DEMAND MORE OF EXISTING VEHICLES FOR TRANSPARENCY
Both taxpayers and policymakers have the right to understand what is happening to the public dollars fueling the nations colleges, and our laws already give them some ability to do so. The Freedom of Information Act and state open records laws allow interested citizens to make requests for information from government agencies, and the agencies are bound to respond (though not always to produce the requested documents). Policymakers have even broader powers to request information about the status of government programs, from simple letters to agencies, colleges, and loan servicers, to the subpoena authority of congressional committees. These methods of transparency are far from perfect, and advocates should push for better vehicles for disclosure. But the higher education policy community should use open records laws in a systematic way to uncover information about how federal financial aid programs are being implemented. Moreover, policy advocates and researchers should work with policymakers to ensure that they are using their investigatory powers as effectively as possible.
MAKE BETTER USE OF PUBLIC DISCLOSURES
Many companies that assist in the dissemination and use of federal financial aid, including student loan servicers, debt collectors, and publicly-traded colleges, are required by law to make public disclosures of information related to their financial health. Some of this same information is relevant to learning how colleges, servicers, and collectors are implementing financial aid programs, and how they interact with the government. For example, when Corinthian Colleges was closing its doors, its SEC filings contained many of the details of Corinthians dealings with the Department of Education.
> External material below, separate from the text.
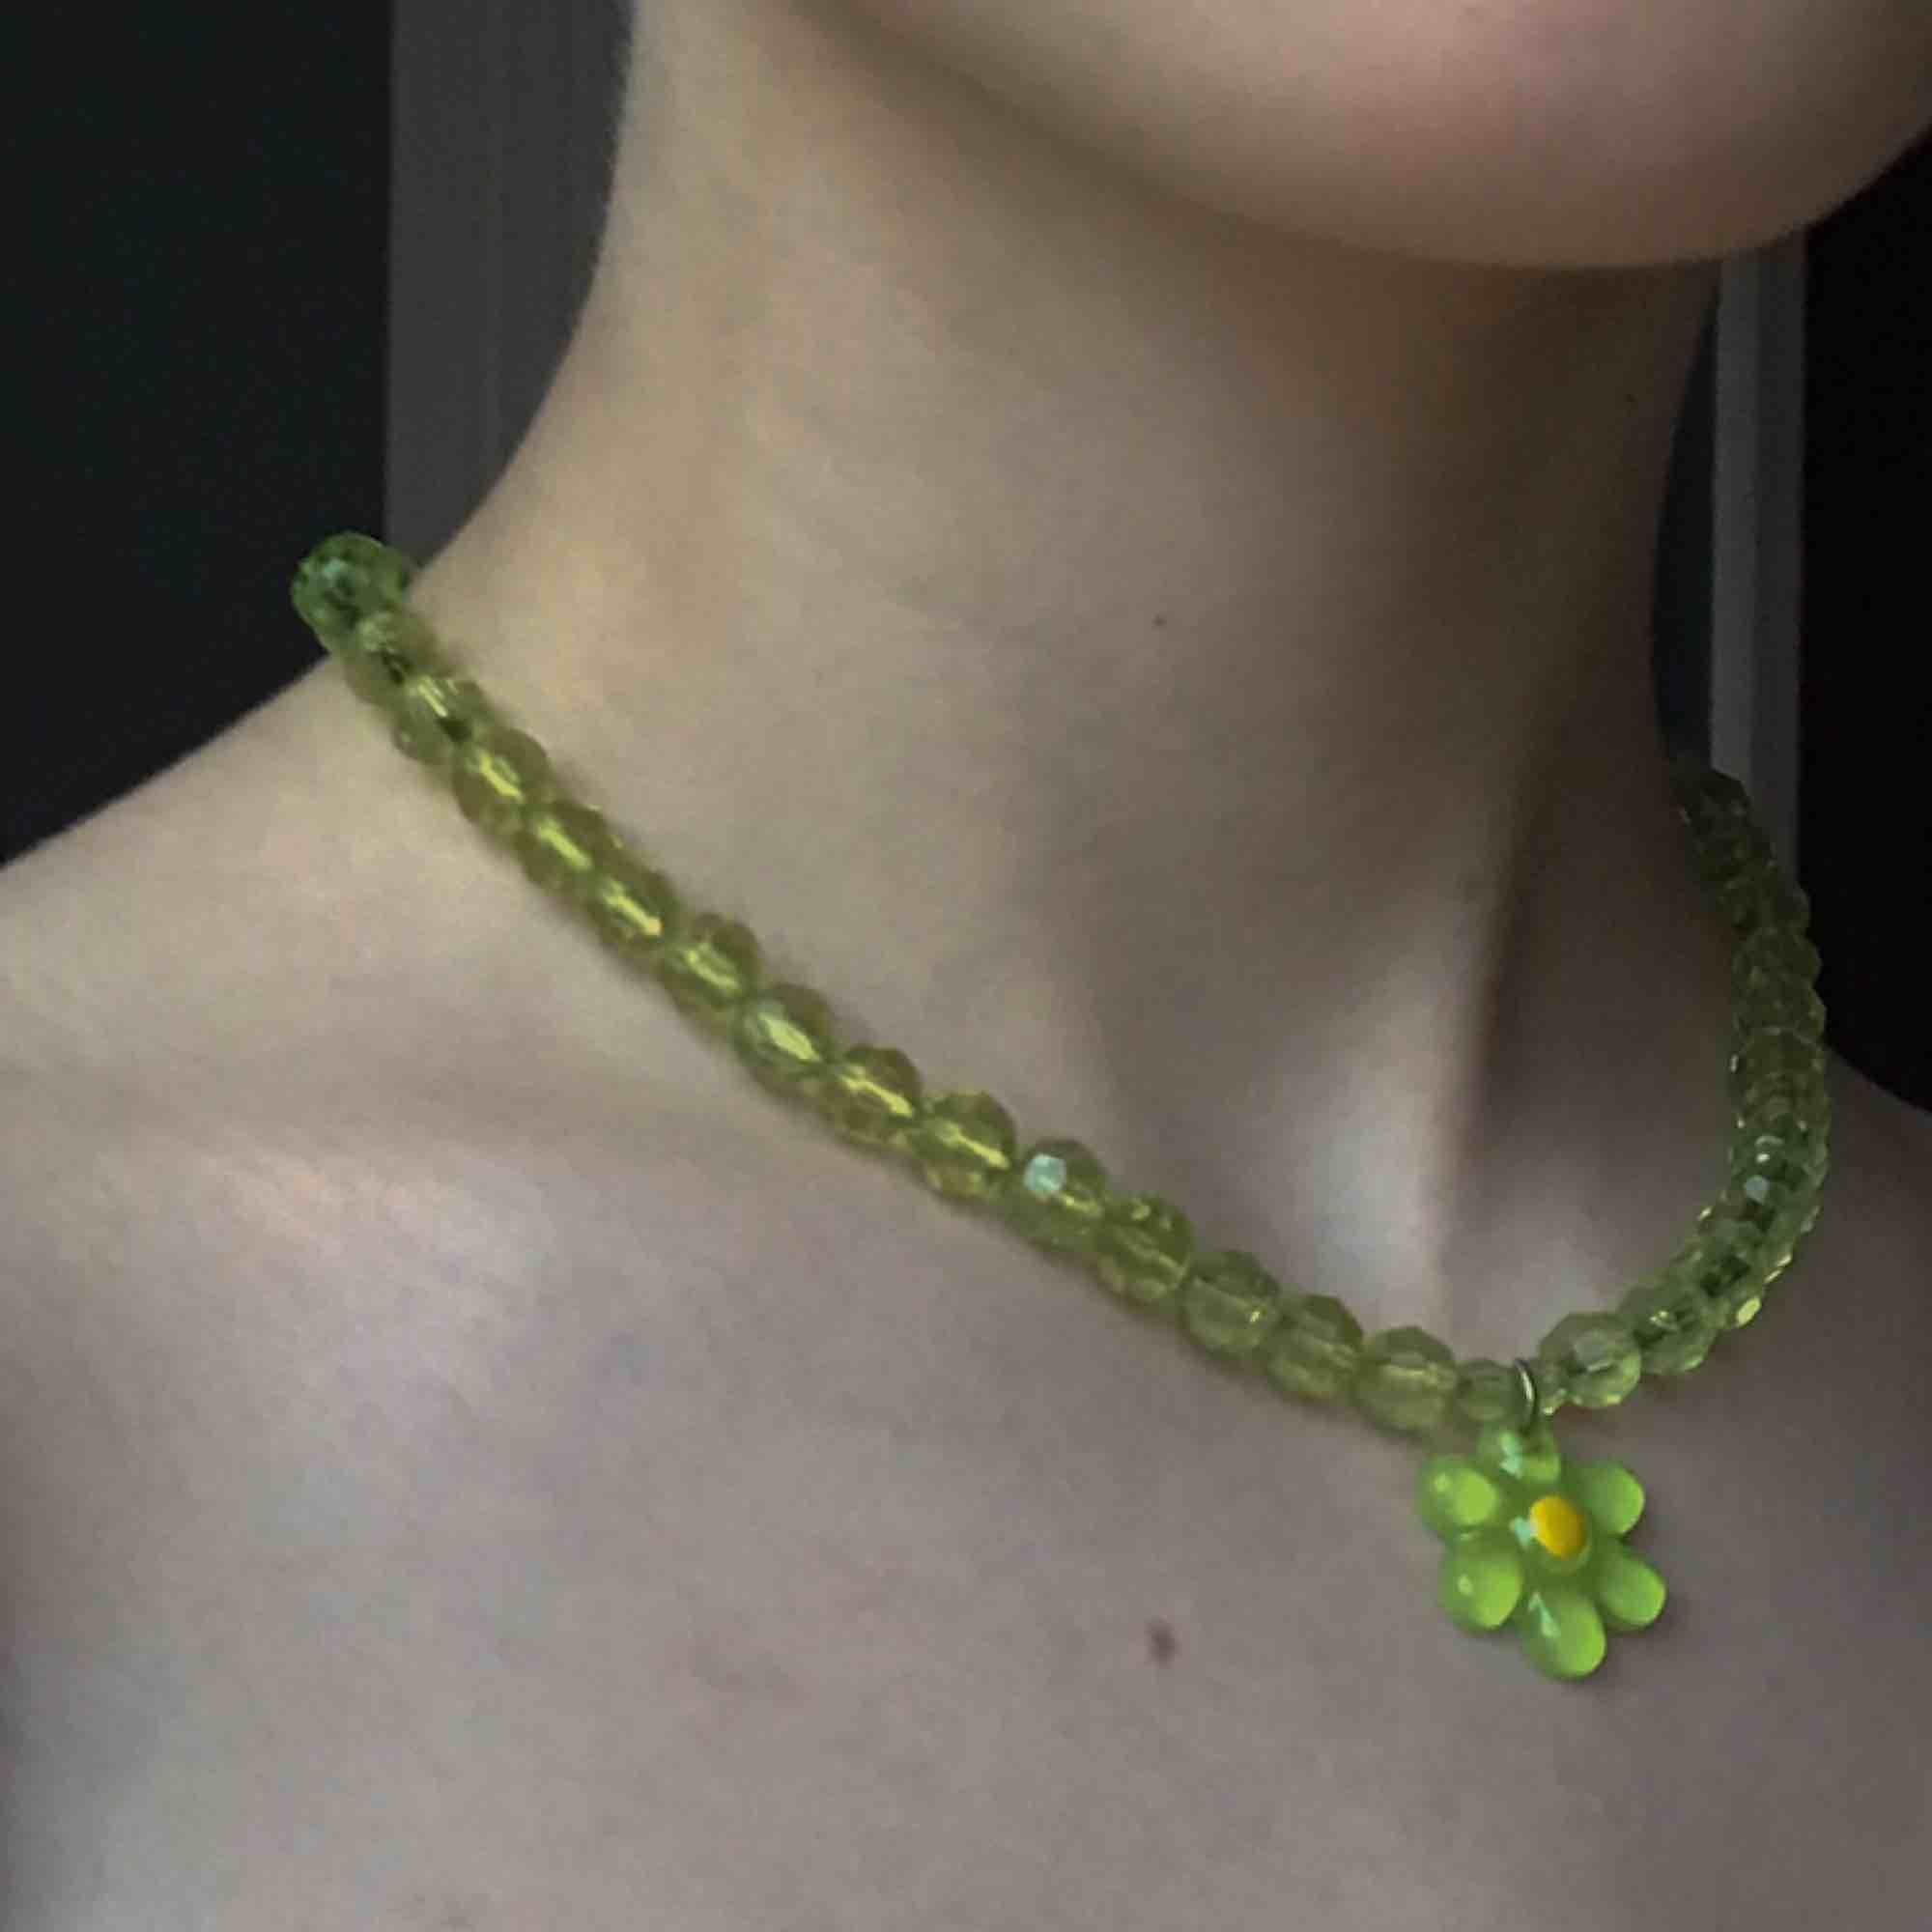 Så himla gulligt halsband! Känner tyvärr inte att den passar min stil längre men har verkligen älskat detta! Funderar på om det är handgjort för det är inget märke och det är gjort på ett elastiskt snöre. Köpte den i en vintage butik i våras, frakt 9 kr💕. Accessoarer.

In addition, public colleges and universities are required to publish certain information under state open records laws or other public disclosure requirements, including budgets, operating procedures, and certain investigatory reports, which can be combed for important information.
COLLECT RESOURCES IN A SINGLE, SEARCHABLE TROVE
Taken together, the two tactics above can yield important information to inform policymaking. To be sure, researchers and policy wonks have used both of these methods to uncover problems in our higher education system. But once these authors are done with their analyses, the documents they obtained get placed in a drawer. To make the most of the information uncovered, we need a single repository where the higher education community can post documents obtained through open records requests or other transparency efforts, and the public can search for information by financial aid program, institution, program, state, or other criteria. Building a central repository will allow researchers and policy advocates to pool the fruits of their transparency efforts as well as create connections across information obtained from disparate sources. Similar repositories have been enormously helpful in other policy areas, such as death penalty research, where information sits in a variety of different locales, and the sum is far more valuable than the individual parts. The Death Penalty Information Center has become a significant source of information about trends in death penalty cases across the country, allowing the public greater insight into how capital punishment affects certain geographies or high-risk populations.
The steps suggested here can never provide a complete picture of what happens inside the administration of federal student aid programs. But when targeted toward key areas of inquiry, like the Department of Educations oversight of colleges, or the administration of the student loan program, they can uncover key information that will help us understand the way current policies are implemented, the actors who influence them, and the constraints and incentive structures in which those policies take shape.